Rather than Task Force Smith the more appropriate analogy may be the Chosin Reservoir. If this thing escalates, and our response drives the North Koreans back, even momentarily, China will once again enter the picture with troops and equipment. The U.N. forces fought brilliantly at Chosin and managed to get out of the trap, and maybe we’ll do as well this time without going nuclear. Regardless though, just as with Chosin, even if we get out the end result will still be a defeat for us and an embarrassing admission that we can’t beat China which will still serve the goals of the Chinese.

I have to wonder if I’m over thinking this or if the media is just derelict in their duty because, like so many other things, they aren’t covering it. This could be the most important story of the last 75 years.

I hope that the writer at Redneck Reflections is right and this is just another minor blowup along the border. I hope that I'm wrong and this isn't the beginning of the end for America. After all, the writer at Redneck Reflections mentioned WWI which brings to mind the spark that set it all off, the
assassination of Archduke Franz Ferdinand of Austria in Sarjevo, the cause of which was a battle over a border.

History has a funny way of repeating itself.

Pray for protection and wisdom. We're one minor incident away from a world gone mad.


UPDATE
The Huffington Post is making the case that we're causing major problems for the Chinese by sending our carrier group to the Yellow Sea.

"This weekend's arrival of a U.S. aircraft carrier in the Yellow Sea poses a dilemma for Beijing: Should it protest angrily and aggravate ties with Washington, or quietly accept the presence of a key symbol of American military pre-eminence off Chinese shores?

The USS George Washington, accompanied by escort ships, is to take part in military drills with South Korea following North Korea's shelling of a South Korean island Tuesday that was one of the most serious confrontations since the Korean War a half-century ago.

It's a scenario China has sought to prevent. Only four months ago, Chinese officials and military officers shrilly warned Washington against sending a carrier into the Yellow Sea for an earlier set of exercises. Some said it would escalate tensions after the sinking of a South Korean navy ship blamed on North Korea. Others went further, calling the carrier deployment a threat to Chinese security.

Beijing believes its objections worked. Although Washington never said why, no aircraft carrier sailed into the strategic Yellow Sea, which laps at several Chinese provinces and the Korean peninsula.

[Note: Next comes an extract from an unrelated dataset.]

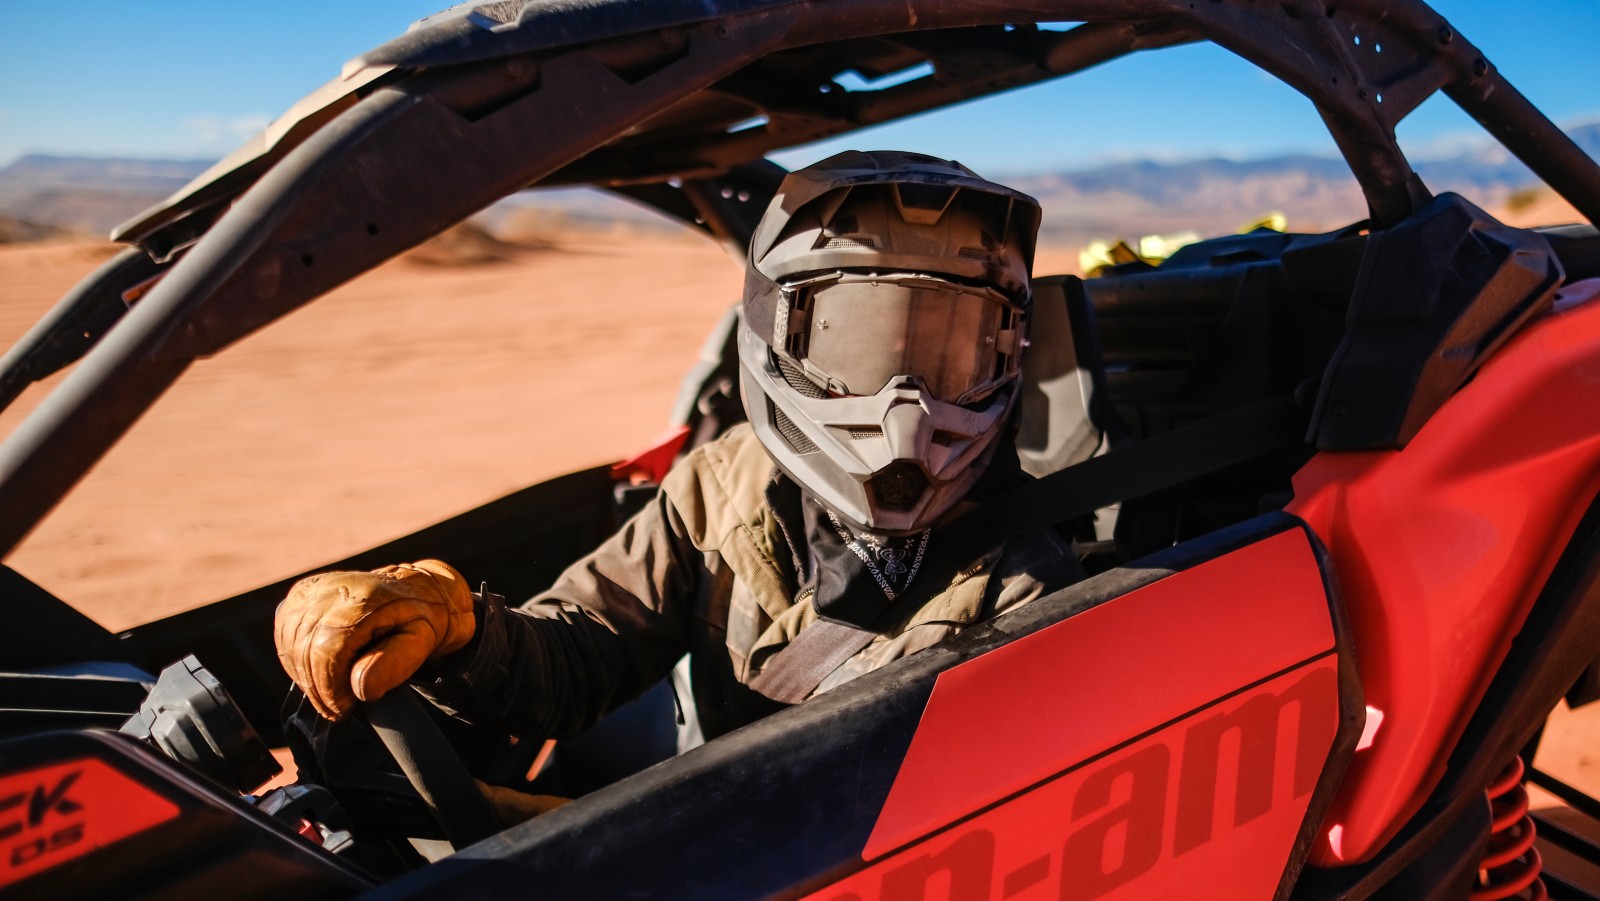 A rider in their Can-Am SxS vehicle

This time around, with outrage high over the shelling, the U.S. raising pressure on China to rein in wayward ally North Korea, and a Chinese-American summit in the works, the warship is coming, and Beijing is muffling any criticisms."

...Even if China's reticence holds this time, Beijing is not likely to cede the U.S. Navy carte blanche to range throughout the Yellow Sea.

Foreign Ministry spokesman Hong Lei has stated that China's stance on U.S. naval action in the Yellow Sea remains unchanged. The politically influential and increasingly vocal military is also likely to keep the pressure on the leadership to take a firm stand.

Any affront to Beijing's authority or intrusion into Chinese territorial waters would inflame the Chinese public and require a government response, said Fang Xiuyu, an analyst on Korean issues at Fudan University's Institute of International Studies in Shanghai.

"We hope that the U.S. can exert restraint and not cross that line," Fang said

The last bit of the article contains the threat that I believe is the core of the issue. This is a set up and we're playing right into it. It would be one thing if the Chinese were still a well peopled but weak nation (one we still couldn't beat in the first go 'round in Korea) but now they hold our economic survival in their hands.

This is a game of chicken on an epic scale and I don't have confidence in our political leadership. I fear that we'll blink first and China will get what it wants.